People seeking out a sanctuary city is not a new phenomenon. What I am about to describe may sound like what’s currently unfolding for undocumented immigrants, asylum seekers, and migrants today in the USA, but this blog is about the plight of a small group of English people in the late 1500s and early 1600s. The Separatists’ political and religious beliefs clashed with the dominate culture of their era. The clash escalated until government officials started prowling around searching for them. When they found them, they locked them up and/or fined them.
They realized that if they didn’t leave they might be tortured and executed as traitors. Most had witnessed that happening to others. They left the country they loved to seek out a sanctuary city – a place where they could gather and worship in peace. They found it in Leiden, Holland when they emigrated there in 1608 as a congregation of around a hundred people. At first, they didn’t speak the language. Their work skills weren’t of much use in their new sanctuary city, so they took whatever menial job they could find. They brought with them only the most basic things – their clothes, a few household things, and a few reminders of a place they loved and would probably never see again. They were desperate refugees.
Foreigners and Strangers on Earth
A similar story is recorded in Hebrews 11:1-16 about a group of ancient people in the Middle East. The most relevant verses are verses 13 – 16, which I’ve edited some so as to apply it to the situation of the 17th Century English refuges:
All these people were living by faith when they emigrated from the land they loved. At first, they did not receive the things promised; they only saw them and welcomed them from a distance, admitting that they were foreigners and strangers on earth. They were looking for a country of their own. If they had been thinking of the country they had left behind, they would have returned to it. Instead, they were longing for a better place—a place where they would be free.
A Dangerous Voyage
The Separatist refugees stayed in their sanctuary city of Leiden until 1620. Then came an opportunity to establish their own sanctuary community in a new place – thousands of miles across the ocean. Today we call them Pilgrims and the place they settled Plymouth, MA.
After their perilous voyage on the small wooden Mayflower, they set to work setting up their new colony. First, they worked out the wording of the Mayflower Compact and had all the men in the group sign it. They knew they needed some form of governance and structure. Though the men sought to be free, they had not yet evolved in their understanding of freedom to include the women in the process. That would come later – much later and with great resistance.

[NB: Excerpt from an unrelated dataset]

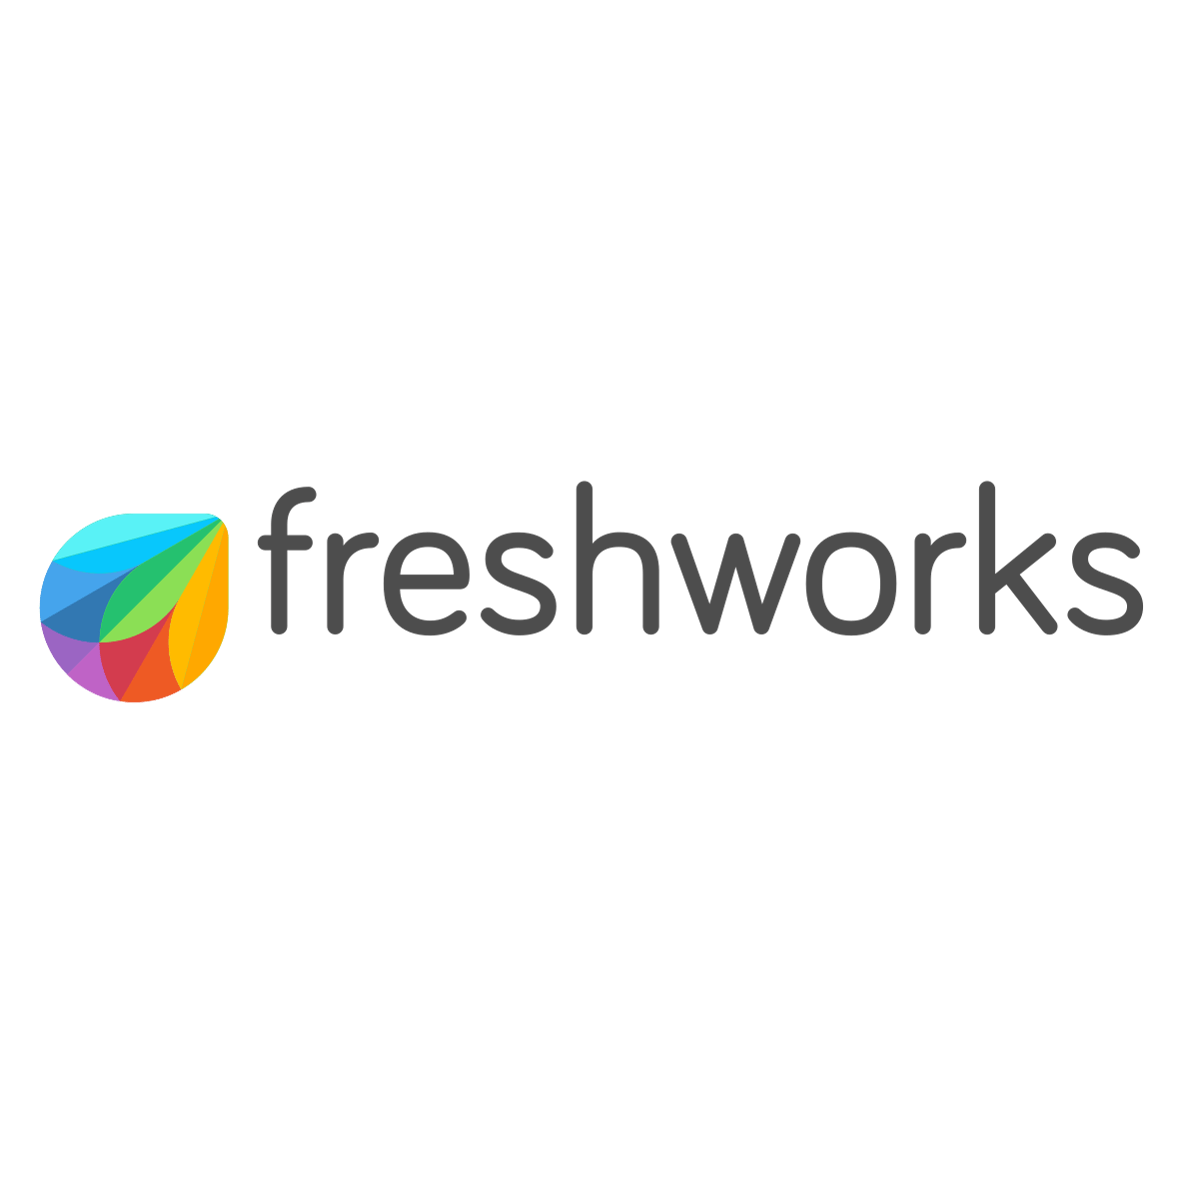 Freshworks-vector-logo.svg

Next, they built a Common House. Some lived there while they build the first seven homes; others remained on the ship. Though they had little food and many suffered great sickness; they persevered. Bit by bit they built their homes and prepared their gardens.
Meet the Neighbors
As the spring sun thawed the snow, they planted the seeds they brought or found stored by people who had previously lived where they were building their Plymouth Plantation.
Samoset, an Abenaki Native dignitary (Sagamore) approached them and greeted them in their own language: “Welcome! Welcome, Englishmen.” That was their first face-to-face encounter with someone who already lived where they’d come for safety and freedom. I’ll write more about Samoset in a future blog.

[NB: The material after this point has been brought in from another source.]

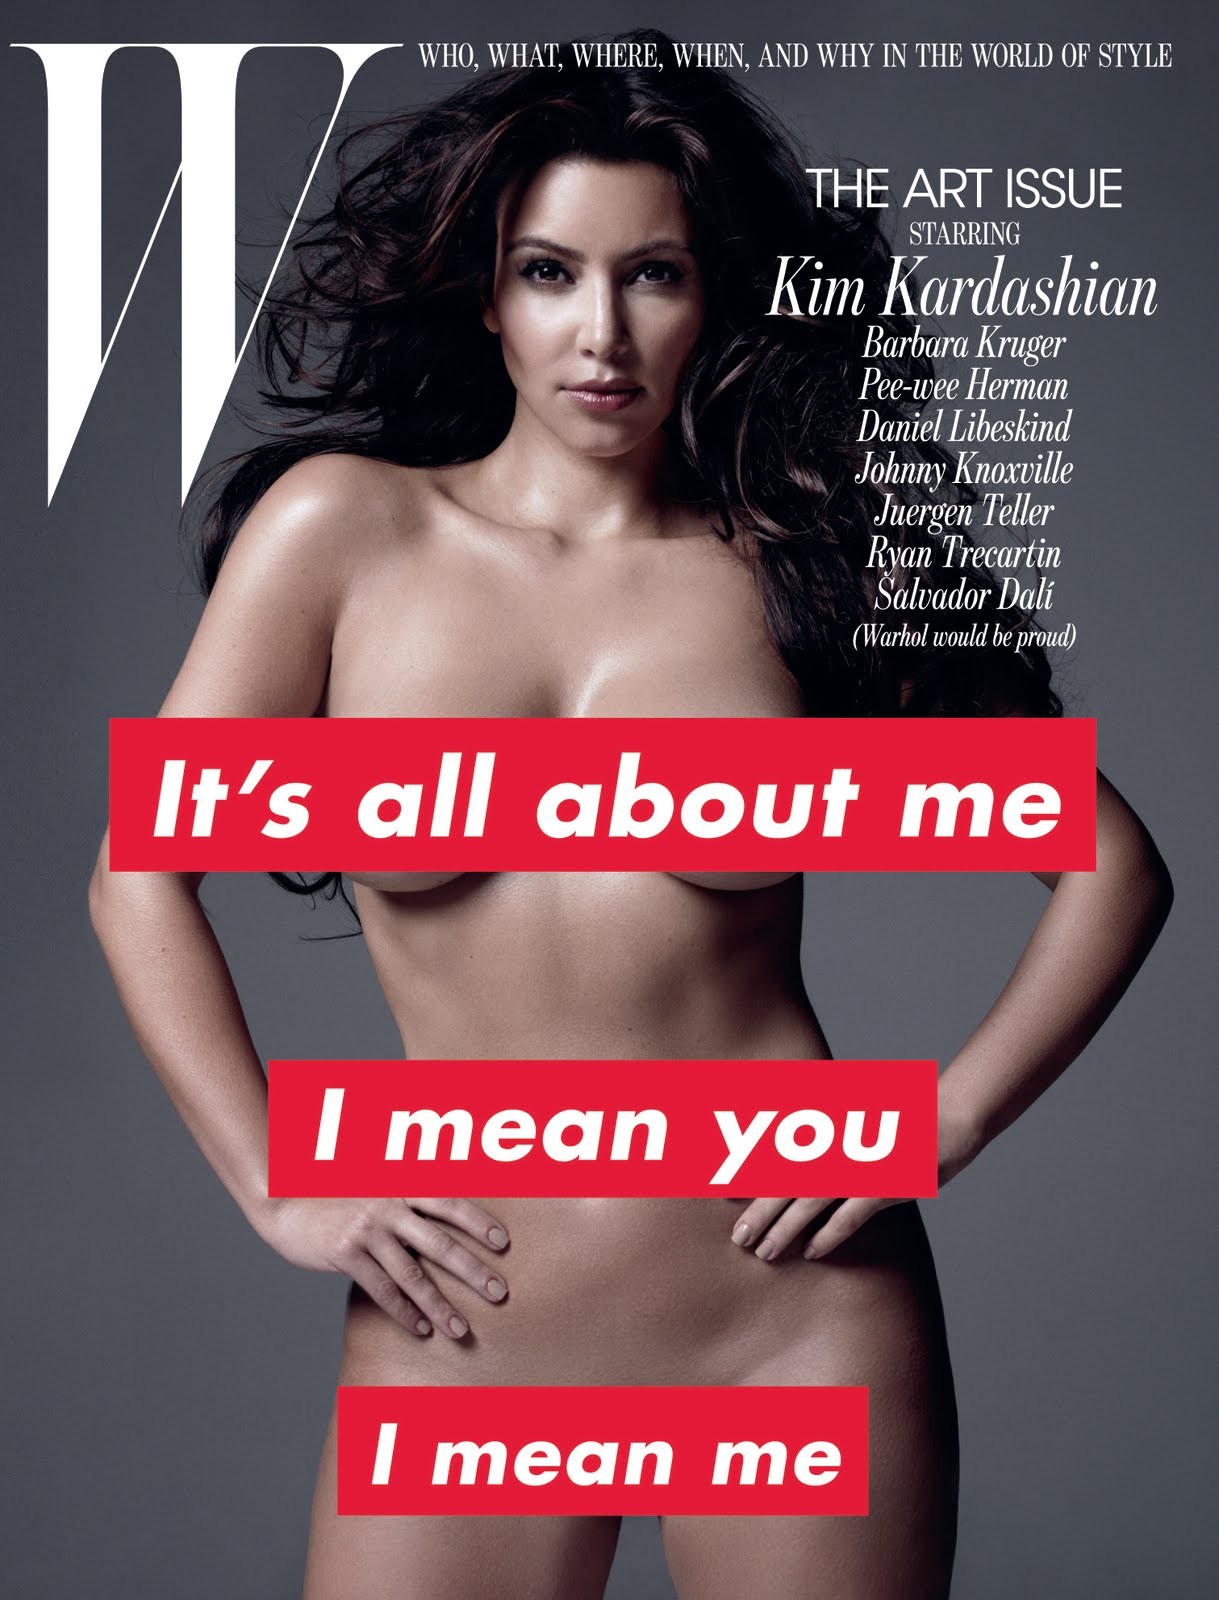 Kim Kardashian na revista 'W' de novembro de 2010. (Foto: Reprodução)

The people already established in this great continent started their first conversation with desperate asylum seekers by greeting them, in their own language, with a word of welcome.
“Welcome! Welcome, Englishmen.”
Not “Who are you?” Not “What are YOU doing in OUR land?” Not “Go back where you came from!” Not, “Show me your papers.”

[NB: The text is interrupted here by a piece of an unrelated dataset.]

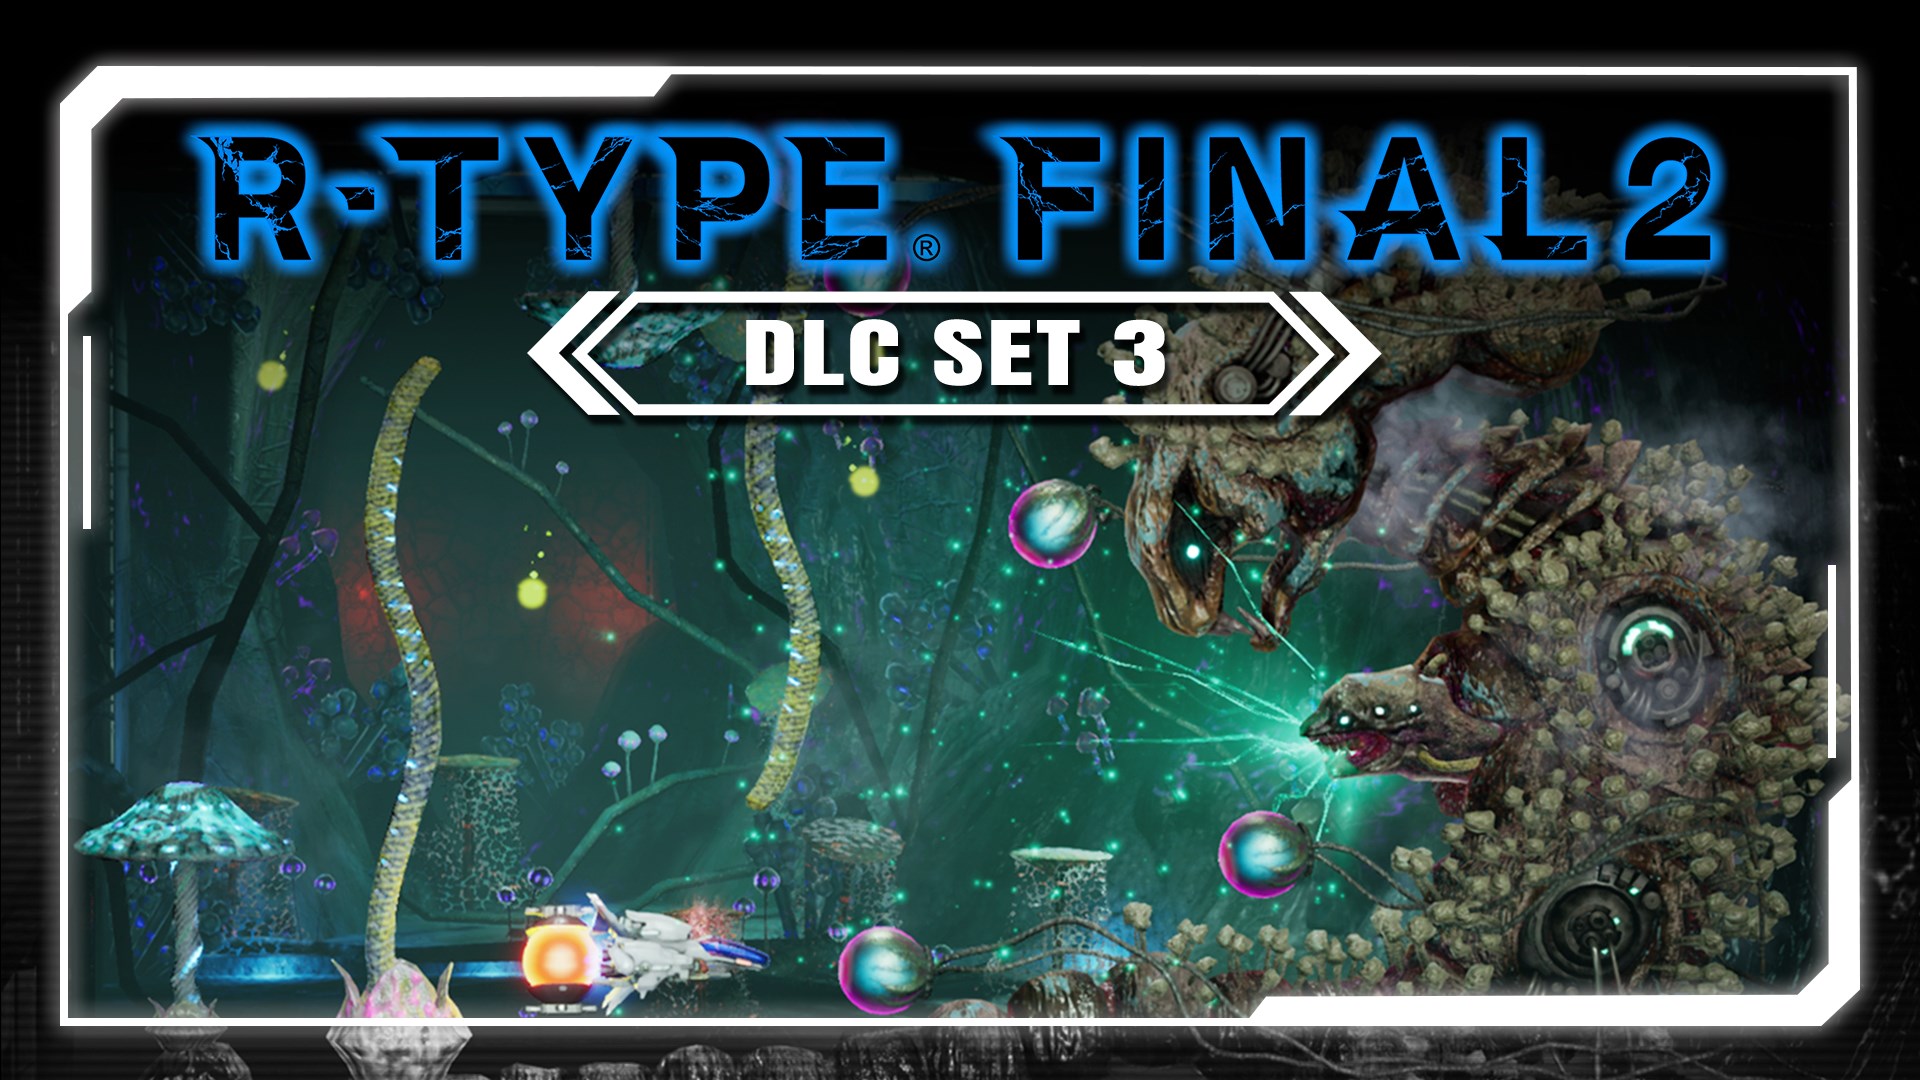 R-Type Final 2 PC: DLC Set 3

None of that. Instead, the first words the new immigrants heard were, “Welcome!”
Finding Common Ground
On the surface it appeared these two groups had absolutely nothing in common. They spoke different languages, dressed very differently, and had different understandings about the Creator of this great continent. Their life styles were also very different. It seemed everything between them was different, different, different. And yet, a representative of the dominant culture greeted them with words of welcome, in their own language.
Shortly after that first encounter, they worked out a treaty, mostly out of mutual desperation around the circumstances in which each group found itself. The treaty served both cultures well – for a while. Unfortunately, that didn’t last long.
Within a generation the newcomers were slaughtering the old-timers. Within a few decades the new immigrants completely reshaped the landscape of what we know today as the USA. The hostility toward the first inhabitants of this land continues to the present moment and has now spilled over to others who come seeking help and hope in a new place. The hostility festers into angry backlashes against those who come seeking their own 21st Century sanctuary from the troubles in their countries of origin.
Learning from the Past
How much better off we’d all be today if those us who are already here would assist modern immigrants, migrants, and asylum seekers the way Samoset greeted the strange looking English refugees he met 400 years ago. If only we could remember how our ancestors were welcomed and play that forward. Then we would truly be a great society. If only.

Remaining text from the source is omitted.